• Information provided
^^^^
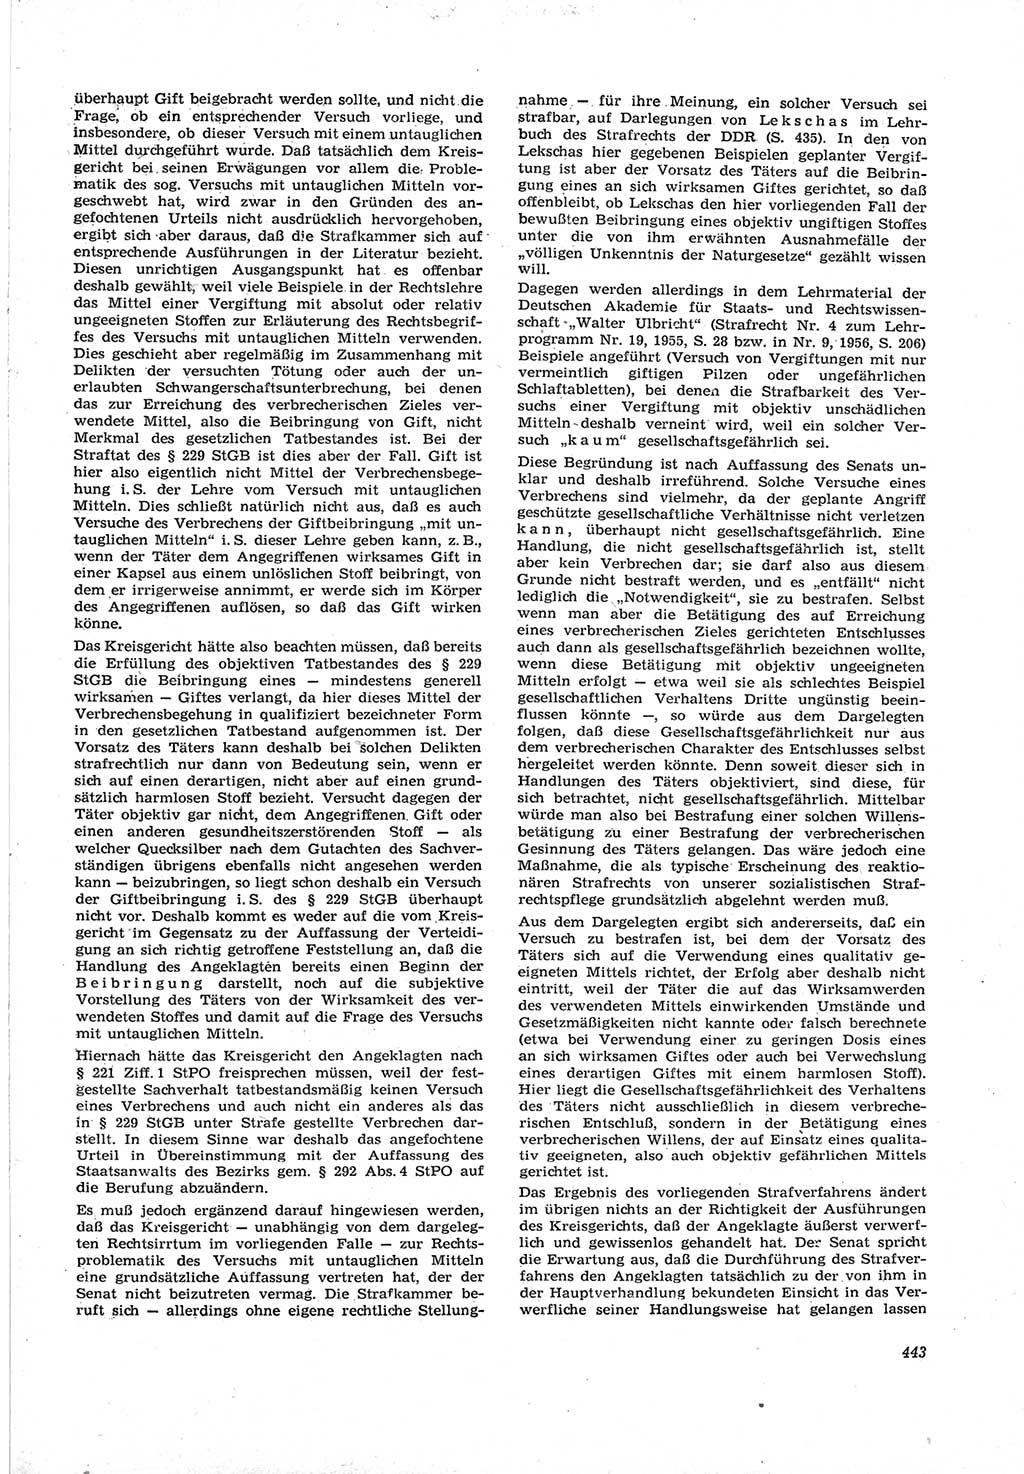 Neue Justiz (NJ), Zeitschrift für Recht und Rechtswissenschaft [Deutsche Demokratische Republik (DDR)], 17. Jahrgang 1963, Seite 443 (NJ DDR 1963, S. 443)
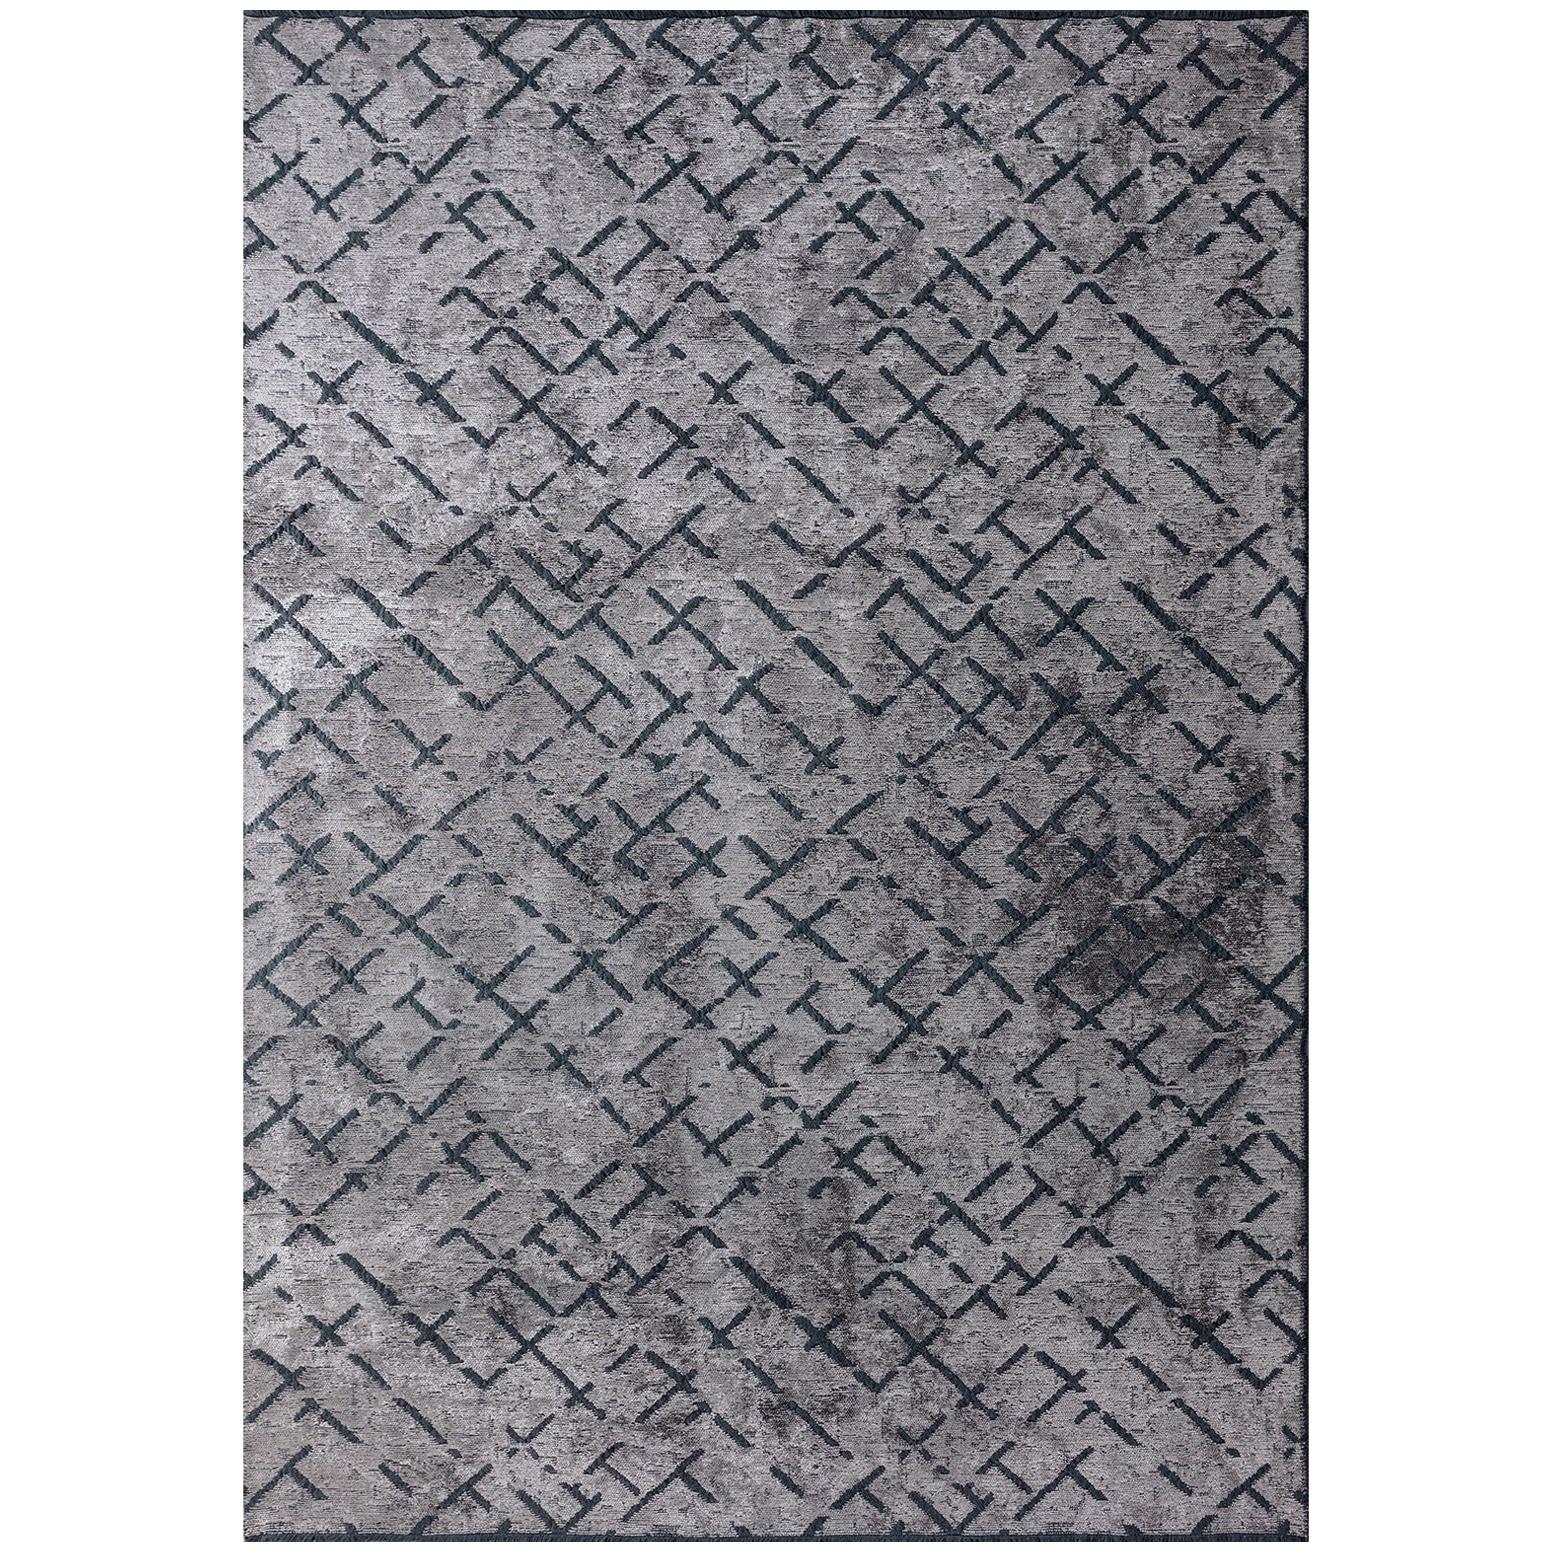 Tapis contemporain gris argenté à motif répétitif abstrait avec ou sans franges en vente
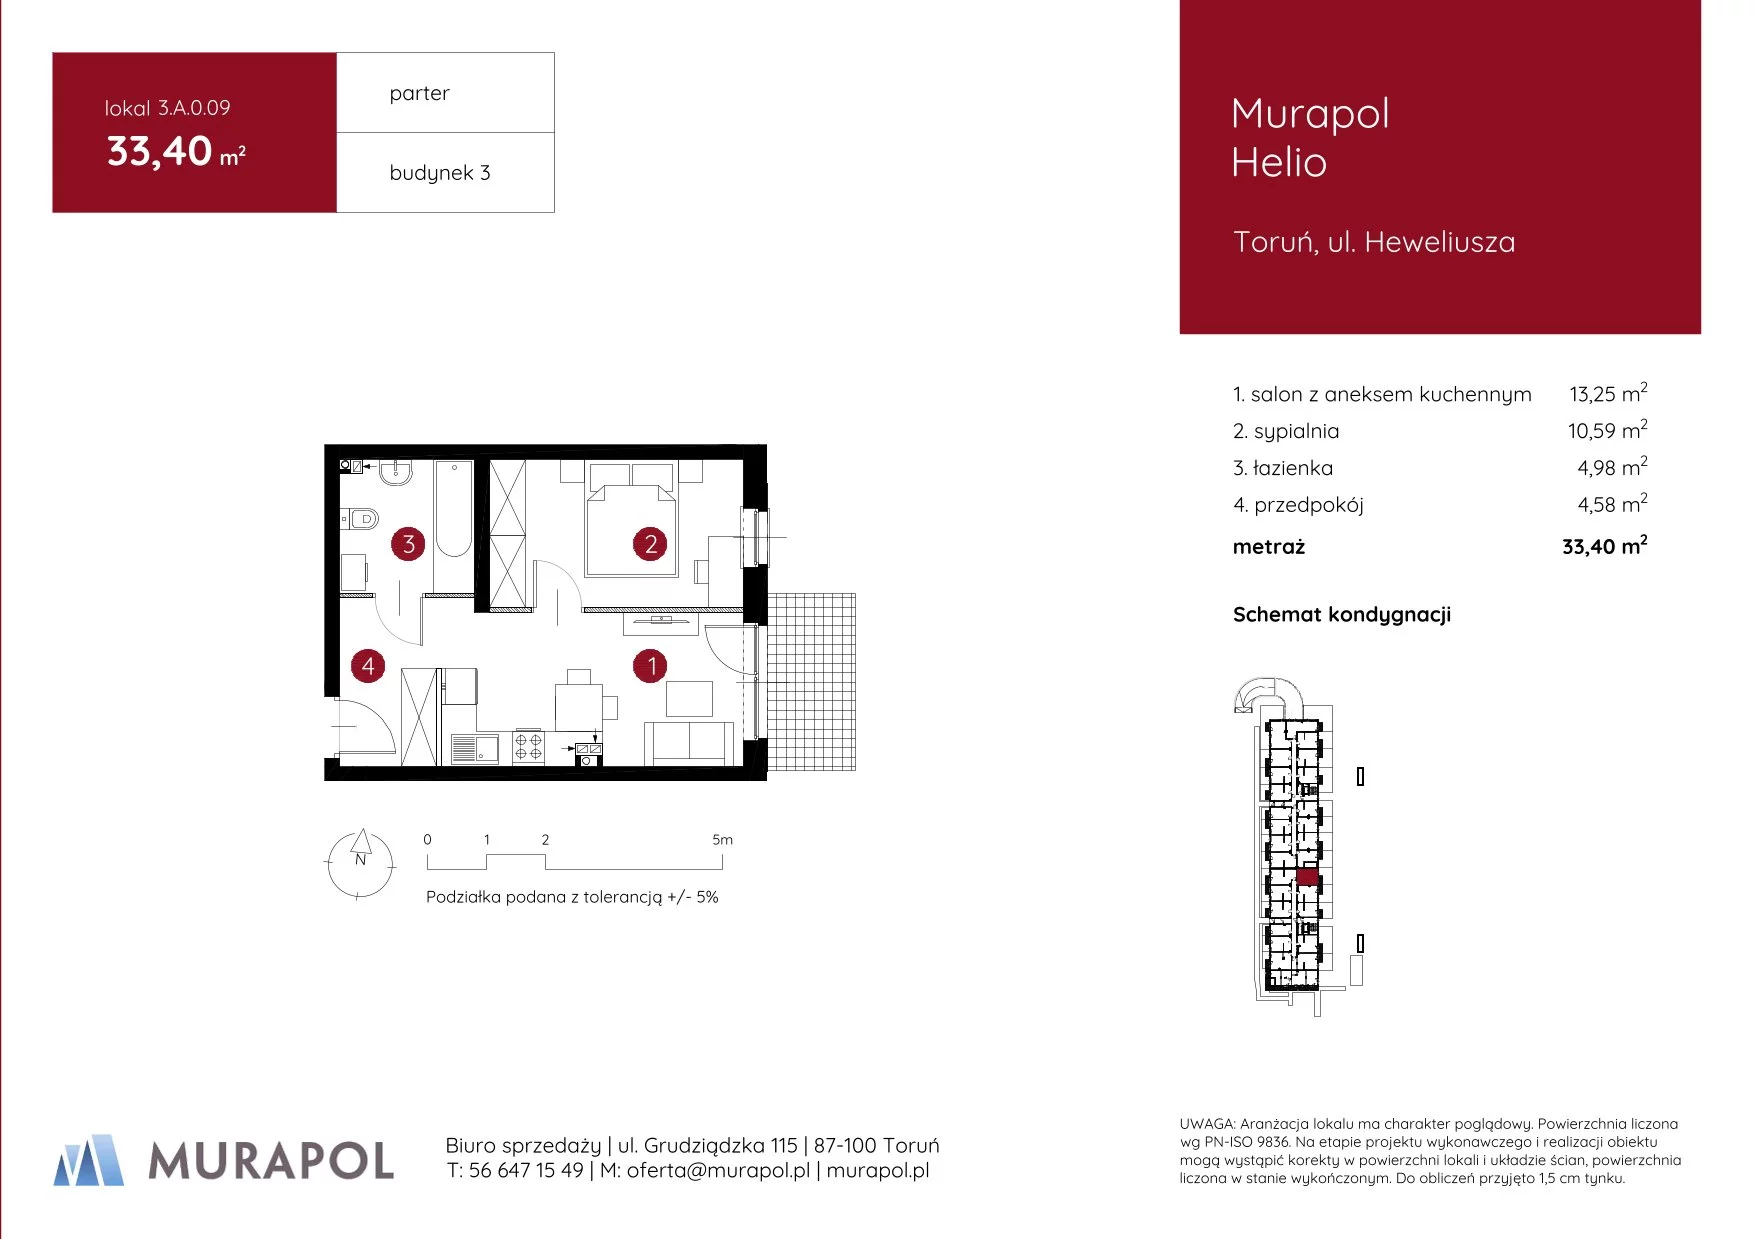 Mieszkanie 33,40 m², parter, oferta nr 3.A.0.09, Murapol Helio, Toruń, Wrzosy, JAR, ul. Heweliusza
^^^^
• Directions
Omit the pictures and write out the remaining data exactly.

• Solution to this task
 Neue Justiz (NJ), Zeitschrift für Recht und Rechtswissenschaft [Deutsche Demokratische Republik (DDR)], 17. Jahrgang 1963, Seite 443 (NJ DDR 1963, S. 443)
 Tapis contemporain gris argenté à motif répétitif abstrait avec ou sans franges en vente
 Mieszkanie 33,40 m², parter, oferta nr 3.A.0.09, Murapol Helio, Toruń, Wrzosy, JAR, ul. Heweliusza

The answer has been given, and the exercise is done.